2680.11 – Cubic to Quadratic to Linear

One root of a certain third-degree equation is 1. When the cubic term of the equation is crossed off, the resulting quadratic equation has a root of 2. When the squared term is also crossed off, the resulting linear equation has a root of 3. Reconstruct the original third-degree equation, expressing it in the form $ax^3 + bx^2 + cx = d$ , with all coefficients as integers.

Solution

$ax^3 + bx^2 + cx + d = P(x)$

We work backwards. So had you.

$cx + d = 0$ when $x = 3$ , so $3c + d = 0$ , and $d = -3c$ .
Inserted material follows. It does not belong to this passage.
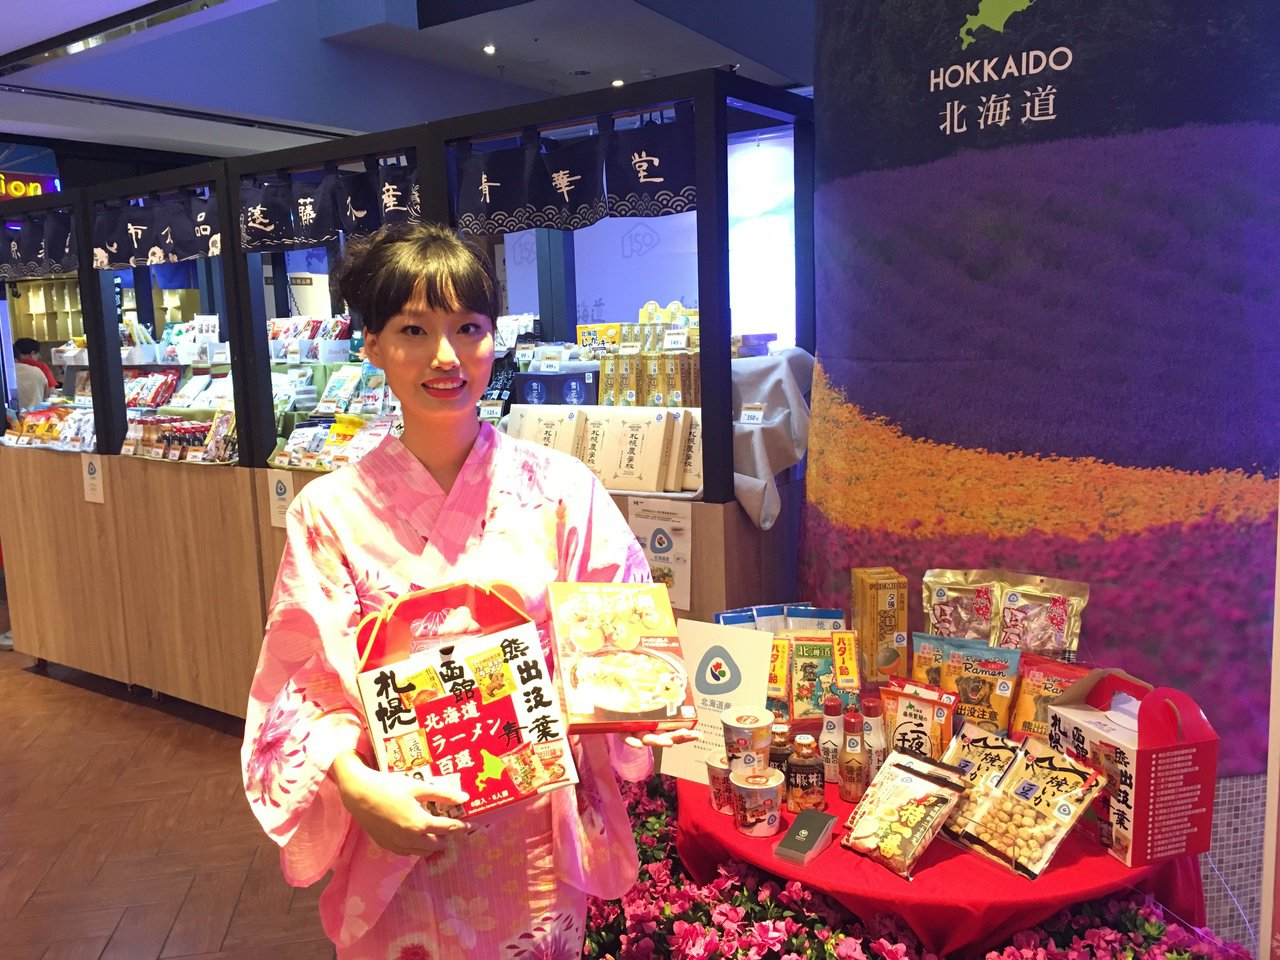 最新進駐台中大遠百的「饗樂天堂」北海道專賣概念店,標榜都是來自北海道原汁原味的農...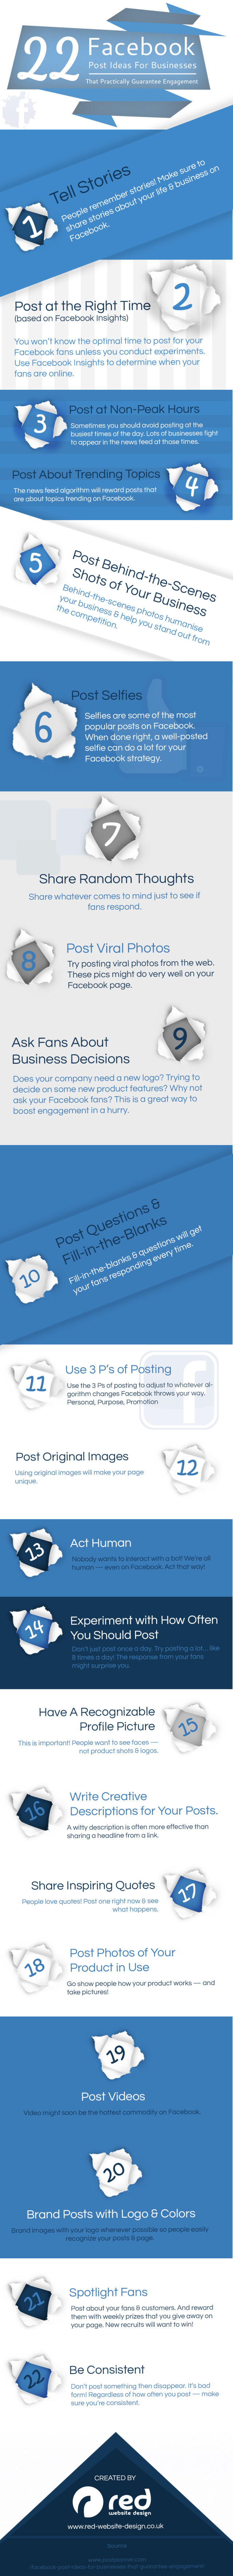 22 ideas de post para el FaceBook de tu empresa

$P(x)$ is now $ax^3 + bx^2 + cx - 3c$ .

$bx^2 + cx - 3c = 0$ when $x = 2$ , so $4b + 2c - 3c = 0 \rightarrow 4b - c = 0 \rightarrow c = 4b$ and

$d = -3(4b) = -12b$ .

$P(x)$ is now $ax^3 + bx^2 + 4bx - 12b$ .

1 is a root: $a + b + c + d = 0 \rightarrow a = -b - c - d = -b - 4b + 12b = 7b$ .

Now, let $b = 1$ (or anything else we want): $a = 7, b = 1, c = 4, d = -12$ .

So, at last, $P(x) = 7x^3 + x^2 + 4x -12$ .

You can look at the equation and observe that 1 is a root. Put your finger on the cubic term and observe that 2 is a root of the remaining quadratic. Put your finger on the first two terms and observe that 3 is the root of the resulting linear equation. Kind of neat.

Bonus points for anyone who can identify the character in a children's book who said "So had you."